Mad as hell, I carried my load back to Hillcrest where I was staying.  Multi-racial, eh?  Bullshit!  I was going to get to the bottom of this.  I called the bus company.  Yes, the bus was multiracial.  The black guy on the phone said he would speak to the driver about it.  That wasn’t good enough.  I wanted a definite answer from a supervisor.  Some woman told me I was probably at the wrong bus stop.  “They can’t stop everywhere, you know.”  I later learned that she was blowing smoke up my butt.  Her supervisor was out on some errand and he couldn’t help me anyway.  She gave me another number to call, and the person who answered referred me back to the first number.

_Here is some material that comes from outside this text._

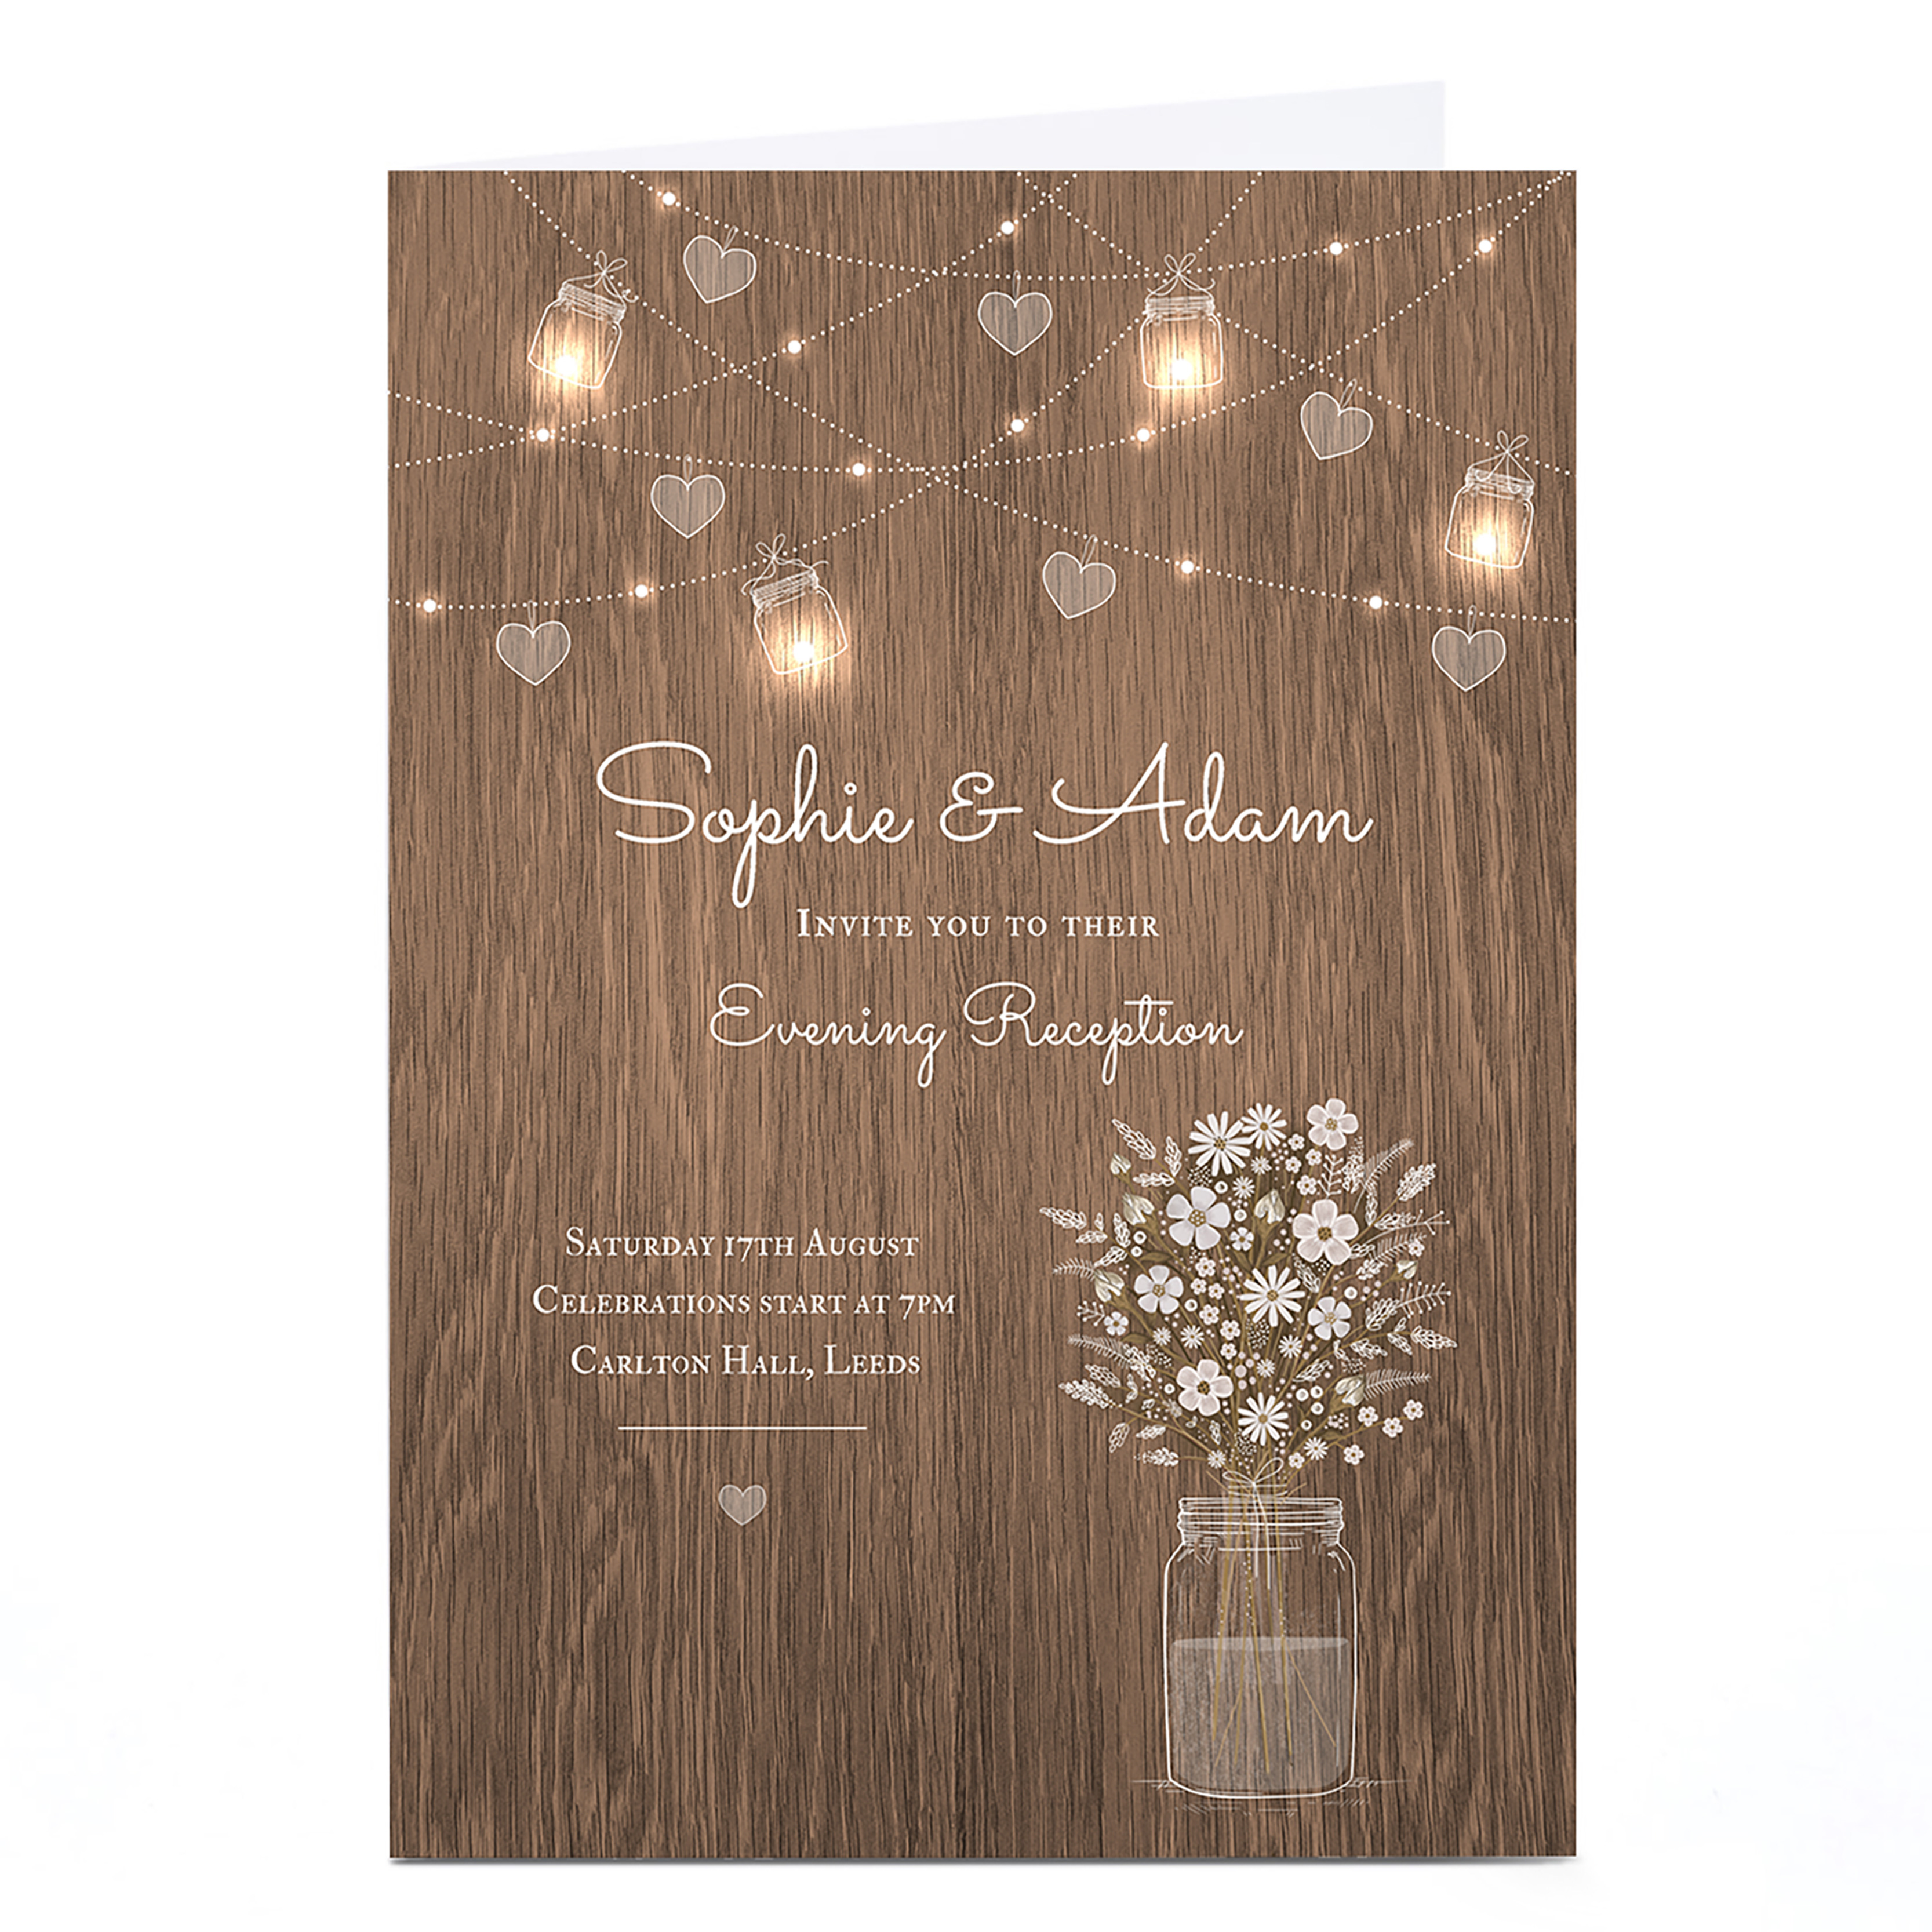 Personalised Wedding Reception Invitation - Wood Effect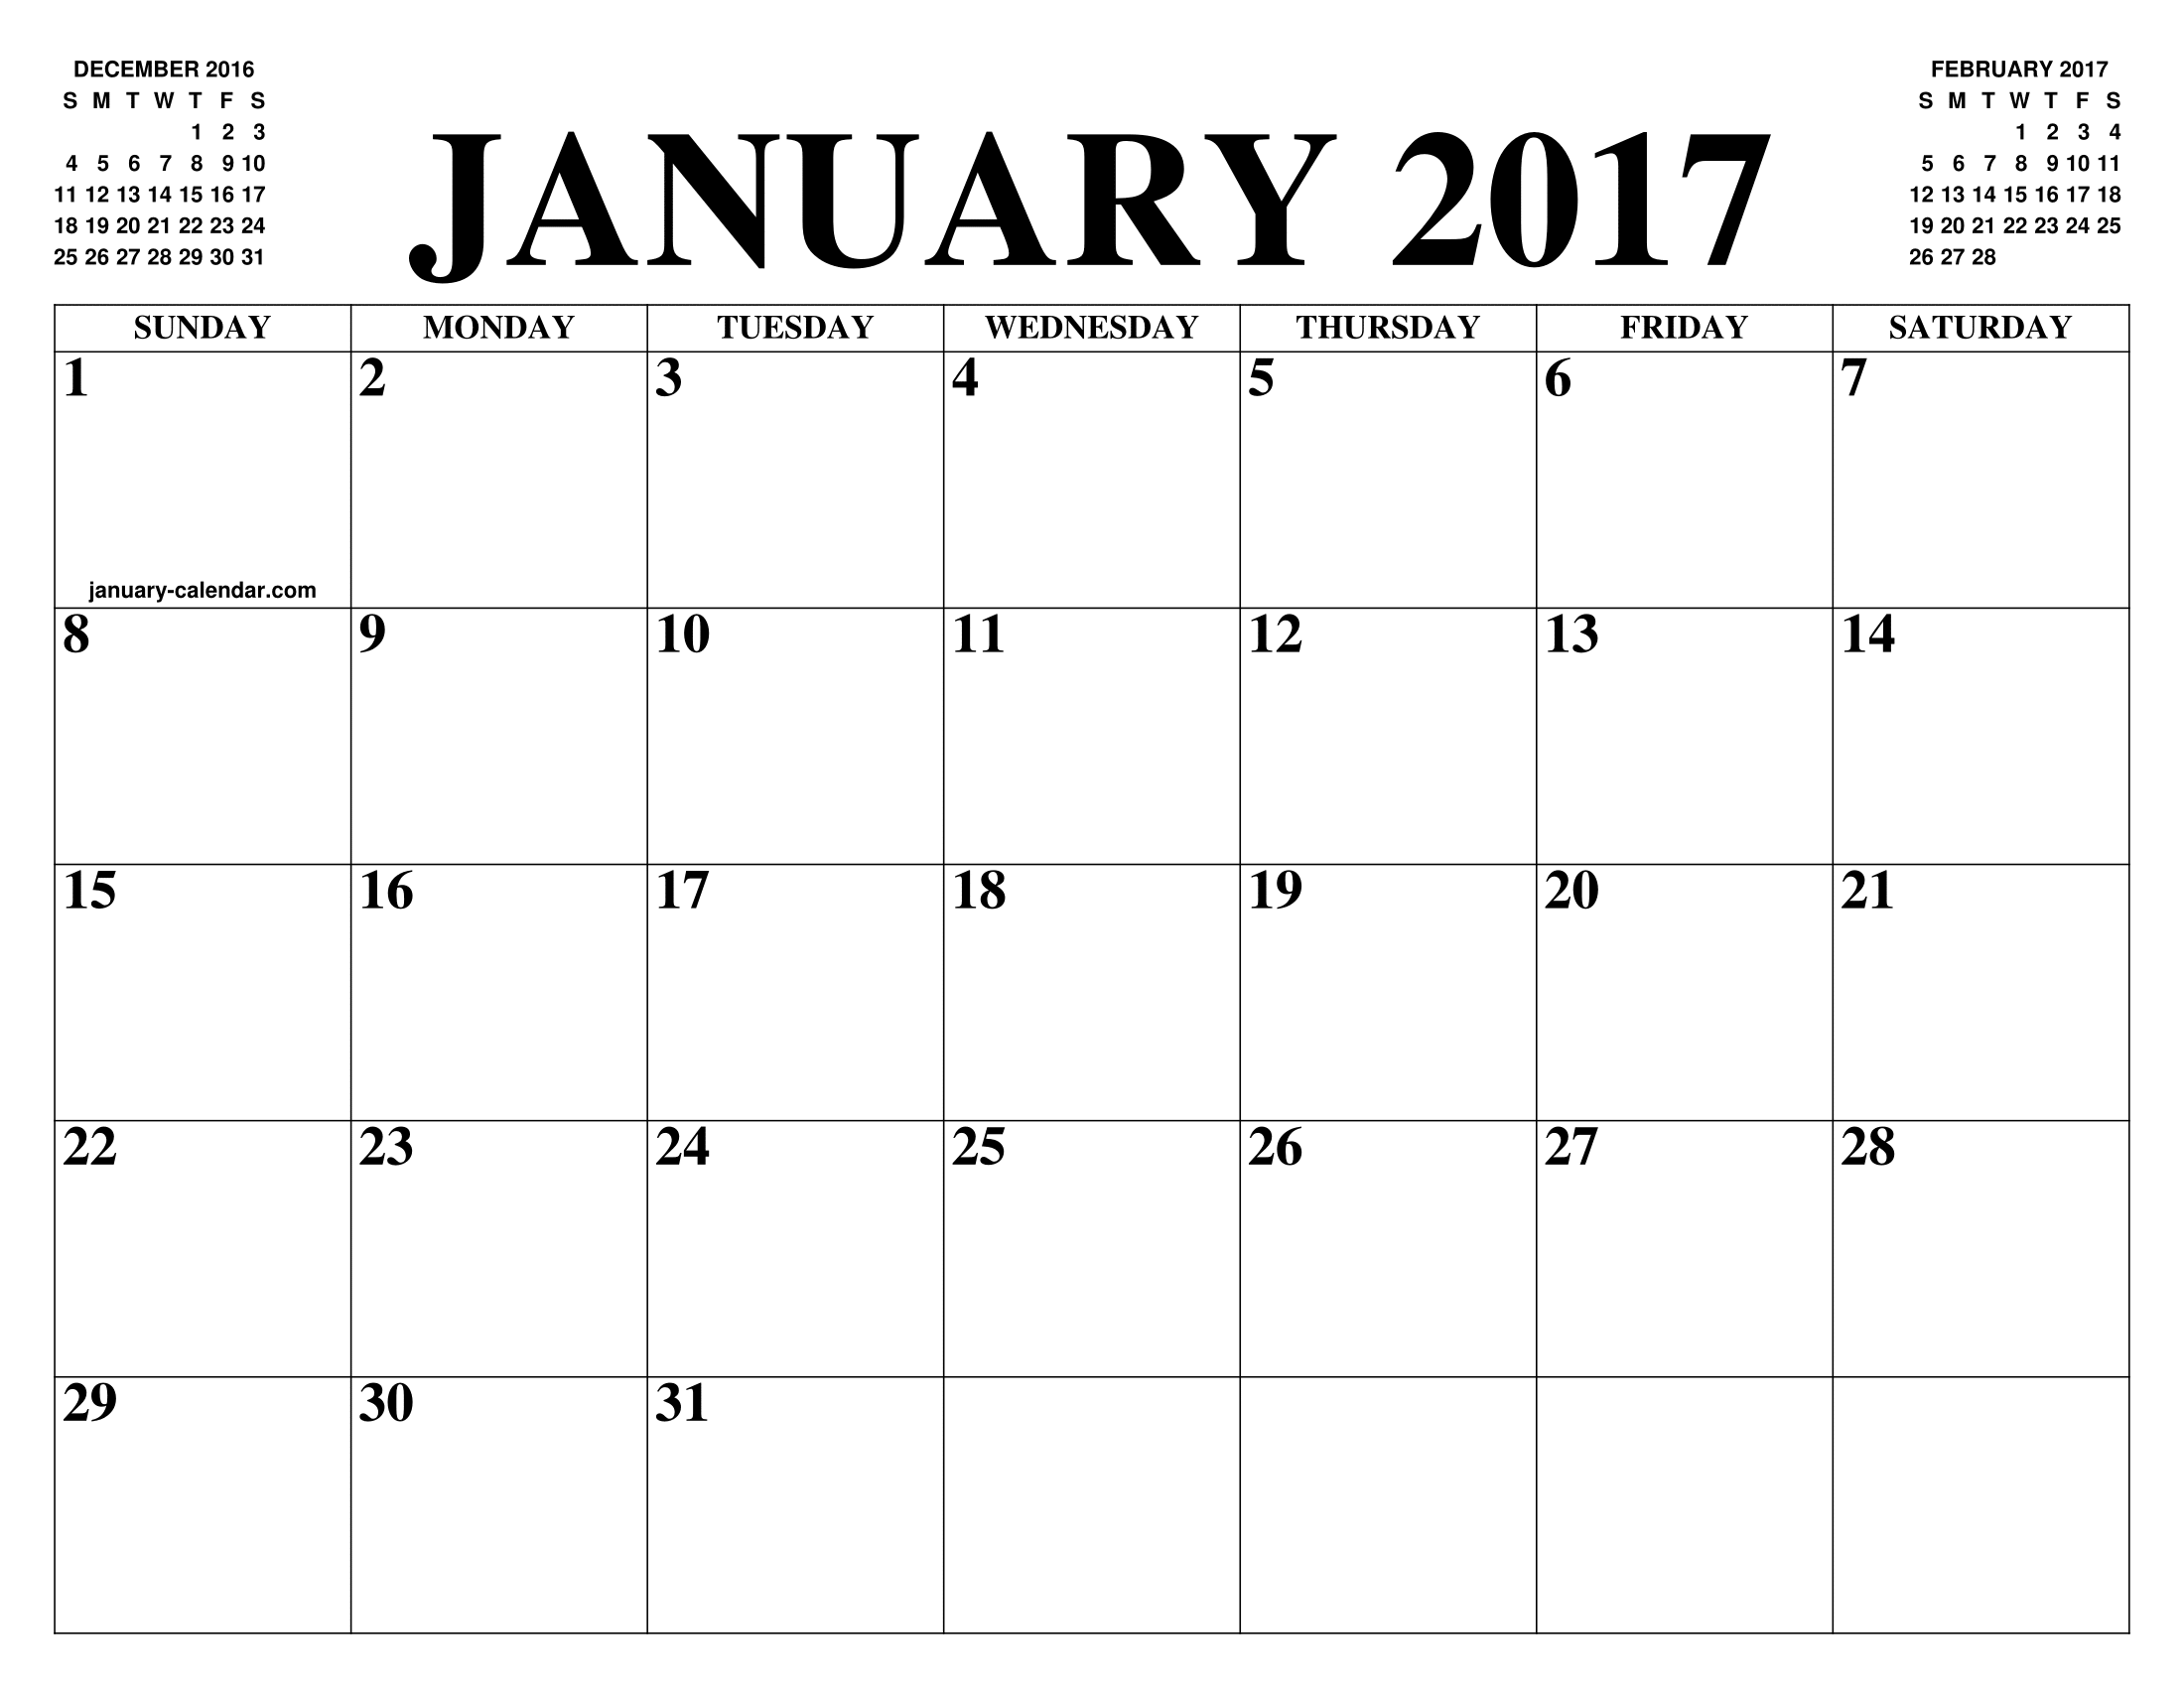 JANUARY 2017 CALENDAR OF THE MONTH FREE PRINTABLE JANUARY CALENDAR OF

About this time, Joan MacGreggor came back from work.  Thinking that perhaps I had been at the wrong stop, I asked if she could drive me back down to the town center again as there was another bus at 2:30.  She was as confused about the situation as I and kindly offered to drive me to Pretoria if the 2:30 bus wouldn’t stop for me.  Finally, at almost 2:45 along comes a bus that is painted white (the other one was blue-grey).  He stopped and the half-full bus had a mixture of whites, blacks, and Indians on board.  The driver was black so I figured it was no use asking him what had happened.  That was probably just as well, because about 15 minutes later an elderly white lady got up to get off the bus, and he yelled at her for some reason.  She didn’t know why he was mad at her and neither did I.  It’s easy to see how one can become a racist when constantly dealing with situations like this.  I’ve already given up trying to ask blacks for directions, etc.  All I get in reply is total confusion.  If the government ever expects blacks to play a role in this society above the level of ditch diggers, it going to damn-well have to improve their schooling so they can better communicate in the Queen’s English.  If there were just one black language here, I suppose you could argue that whites ought to learn to speak it.  In fact, there about six. 

After the intercity bus let me off, I found a square about two blocks away with scads of local buses surrounding Paul Kruger’s statue (Kruger was president of the Transvaal Republic from 1883 until 1900).  A Sunnyside #2 took me to John’s high rise apartment building about 3km to the east.  It’s now 6:50PM and I’m sitting in John’s little flat on the 21st (top) floor.  The view is spectacular from the east-facing window.  Stretching out in all directions are 5- to 20-story apartment buildings.  I don’t think Pretoria is all that much bigger than Colorado Springs (excluding the sprawling black townships around it) but it has the feel of a big city.  Hills surround the city which is very green.  A cool evening breeze is now coming through the window.  I suspect the temperature is around 20°C (high 60s F).  Through the window at the end of the hall, I have a great view of the Union Buildings which are floodlit at night.  It’s great being in a real city again after spending most of the past three weeks in a suburb, on a farm, or camping out.  And, instead of waiting two days to have a maid do my laundry, there is a REAL laundry room I can use down on the second floor. 

Pretoria and the South African Union Buildings viewed from a 21st floor apartment.
 

John is a journalist with a local newspaper.  Earlier, he told me some interesting stories about how the South African military appears to be getting around the arms blockade.  If the U.S. is not selling them armaments, then how are they getting Ellison diesel engines for their army trucks?  If France has cut them off, how are they still getting Mirage jets and spare parts for them?  He implied that a lot of these items come through intermediaries like Israel. 

John also talked about how ill-prepared the South African army is for controlling riot situations (brought back memories of the cluelessness of the leadership regarding riot control that I experienced as a low-life member of the Ohio National Guard back in 1970).  London Bobbies, for example, are taught how to defuse situations.  But when young South African soldiers find themselves out numbered in a riot, they panic and start shooting.  The army’s tactics tend to incite more violence rather than defuse it.

 

[Note on 9 July 2022:  A couple years later, I learned from Joan, that John had been murdered by a black man he was trying to help.]